Professor David Nutt of Imperial College London on Thursday called for a new system of classifying drugs to enable the public to better understand the relative harm of legal and illegal substances.

Alcohol would rank as the fifth most harmful drug after heroin, cocaine, barbiturates and methadone, he said in a briefing paper for the Centre for Crime and Justice Studies at King's College London.

Tobacco would come ninth on the list and cannabis, LSD and ecstasy "while harmful, are ranked lower at 11, 14 and 18 respectively". The ranking is based on physical harm, dependence and social harm.

"No one is suggesting that drugs are not harmful. The critical question is one of scale and degree," said Nutt, the chairman of the government's Advisory Council on the Misuse of Drugs.

He added: "We have to accept young people like to experiment -- with drugs and other potentially harmful activities -- and what we should be doing in all of this is to protect them from harm at this stage of their lives.
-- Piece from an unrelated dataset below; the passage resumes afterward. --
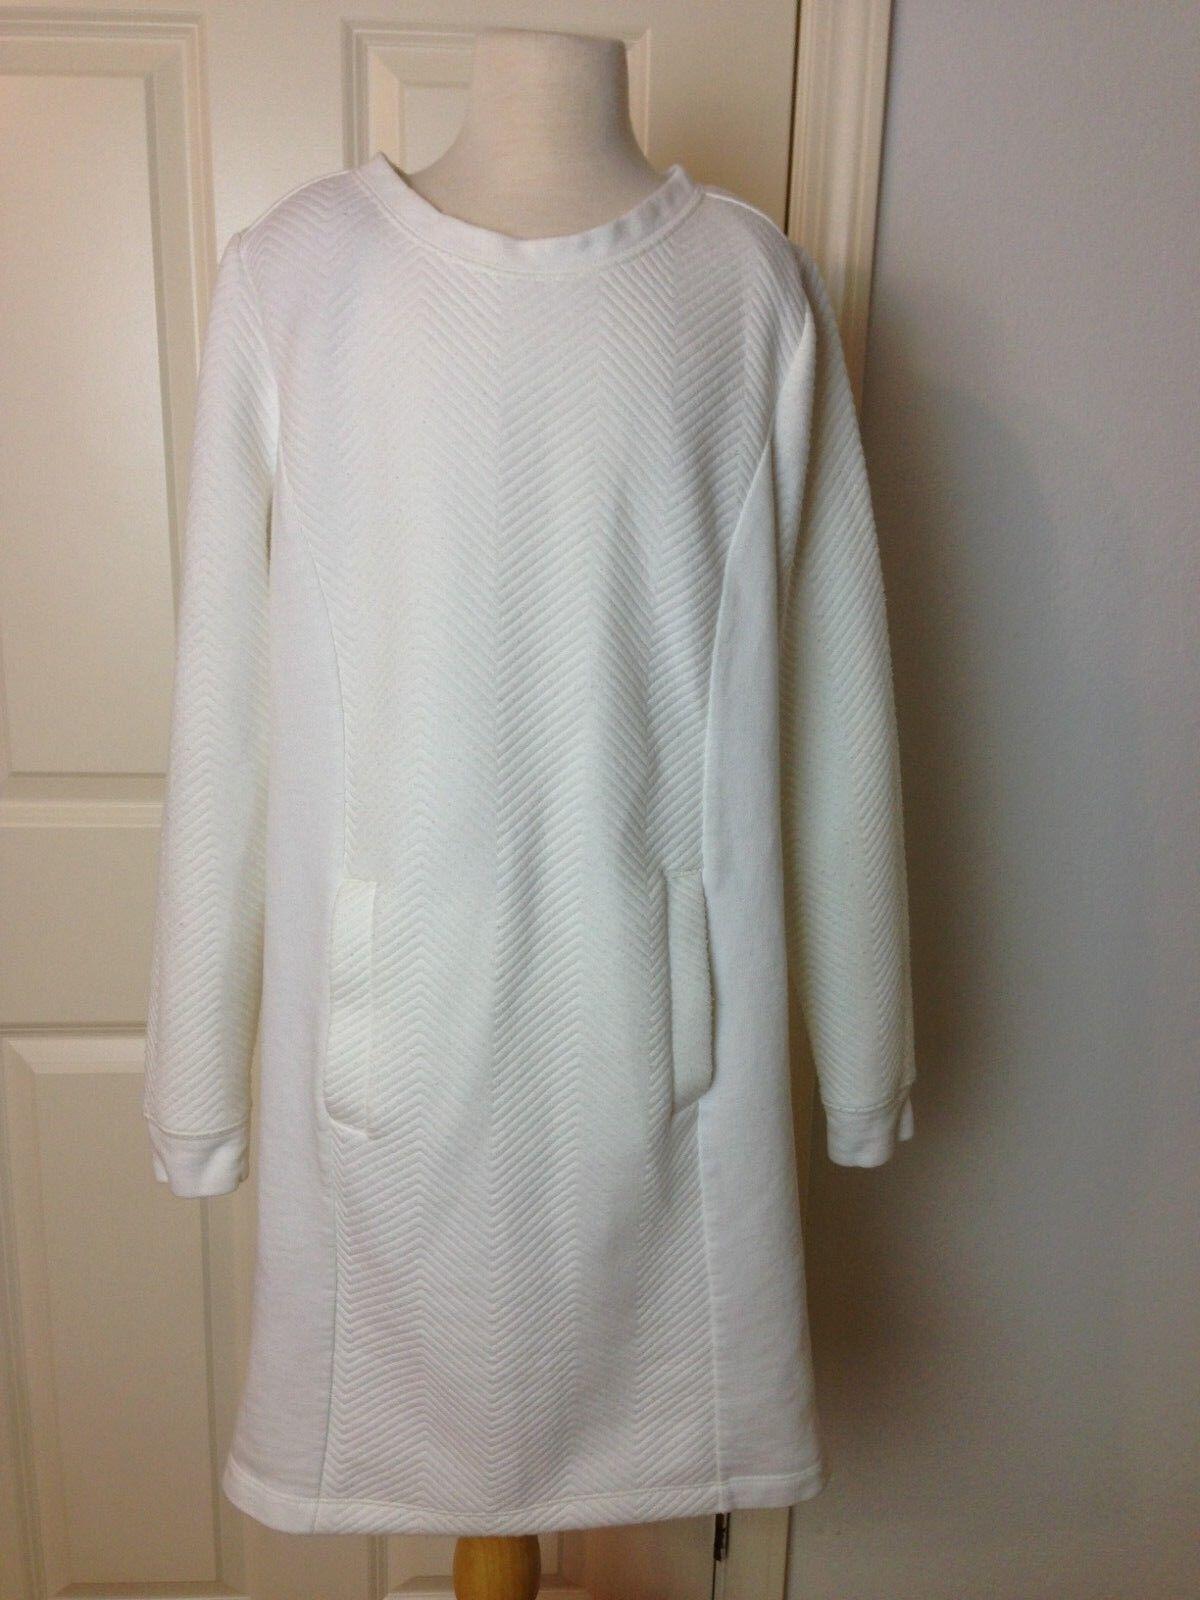 Ann Taylor LOFT Quilted Herringbone Sweatshirt Dress White Long Sleeve Sz Small
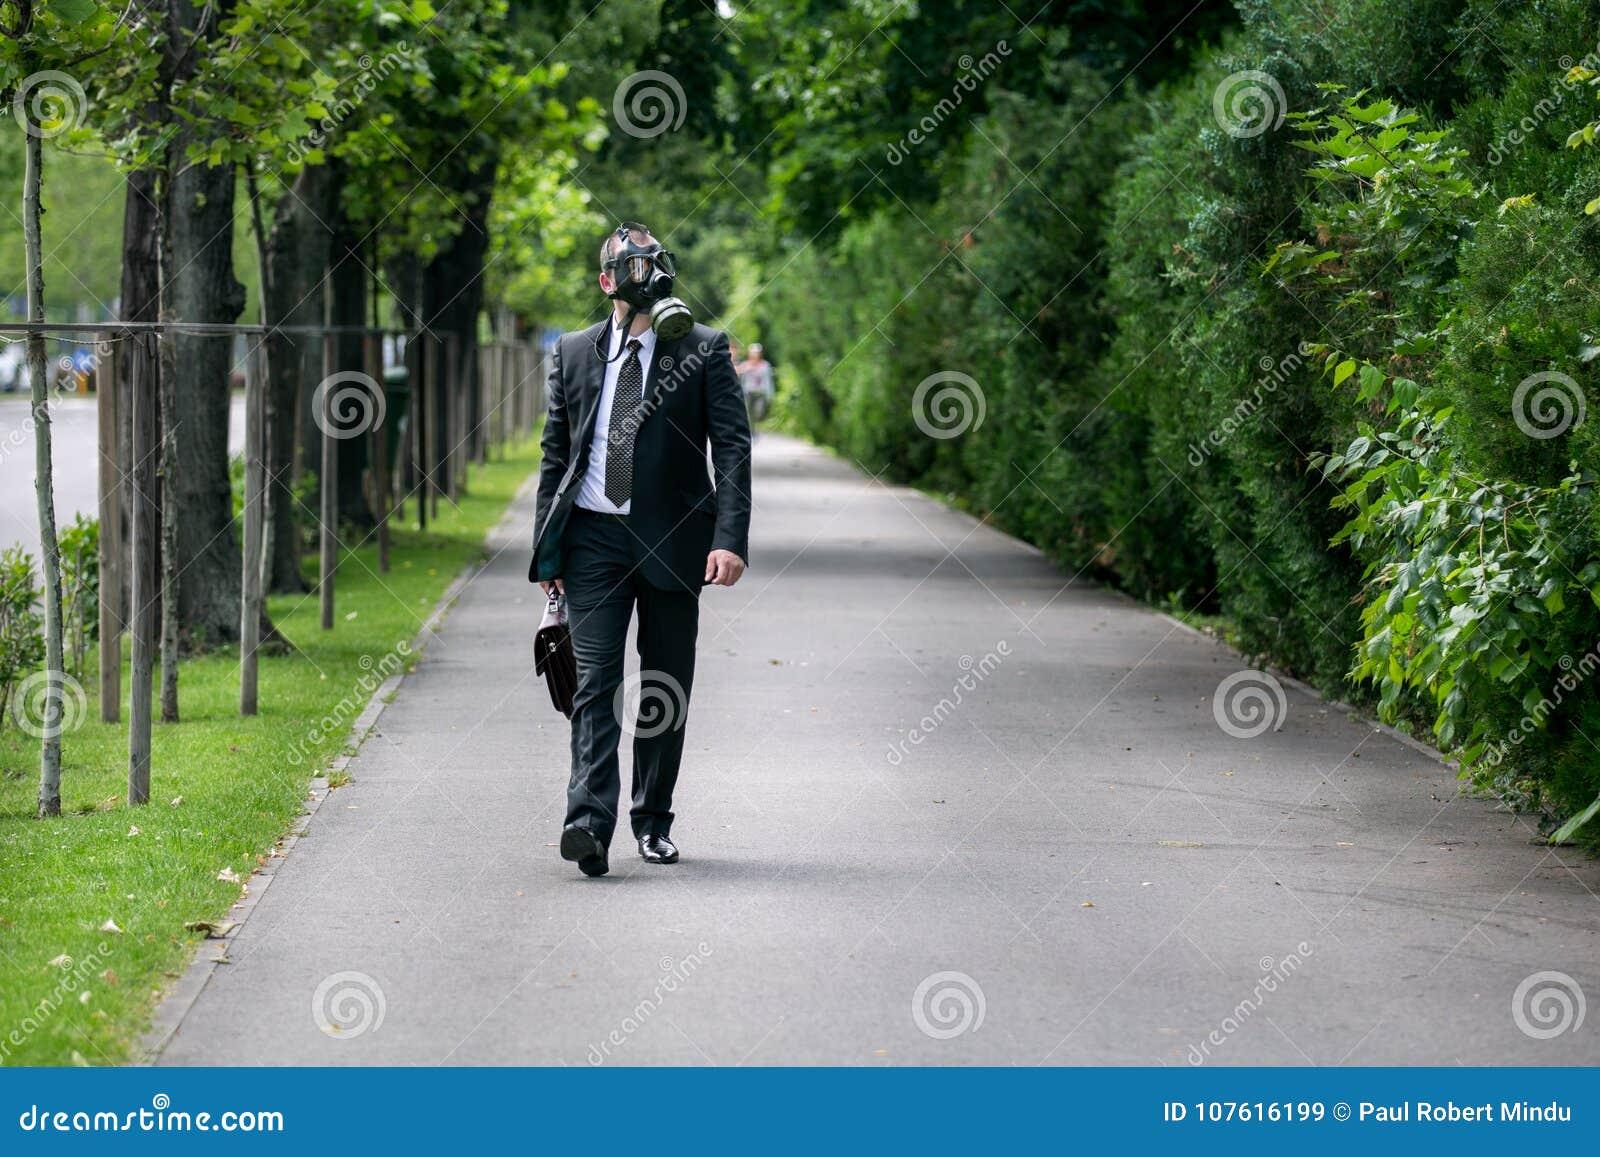 Zakenman openlucht lopen dragend een gasmasker op het gezicht

"We therefore have to provide more accurate and credible information. If you think that scaring kids will stop them using, you are probably wrong."

Nutt criticised British ministers for their decision to upgrade the classification of cannabis in January from class C -- which includes tranquillisers and some painkillers -- to the higher class B alongside amphetamines.

The decision, which increases the penalties to a maximum 14 years in jail for dealing and five years for possession, was against scientific advice and came just five years after cannabis had been downgraded from class B to C.

Nutt said such policies "distort" and "devalue" research evidence and lead to mixed messages to the public.

While he acknowledged that cannabis was "harmful", he said its use does not lead to major health problems. Users faced a "relatively small risk" of psychotic illness compared to the risks of smokers contracting lung cancer.

Nutt caused controversy earlier this year by saying that taking ecstasy was no more dangerous than horseriding, a claim he repeated in his paper.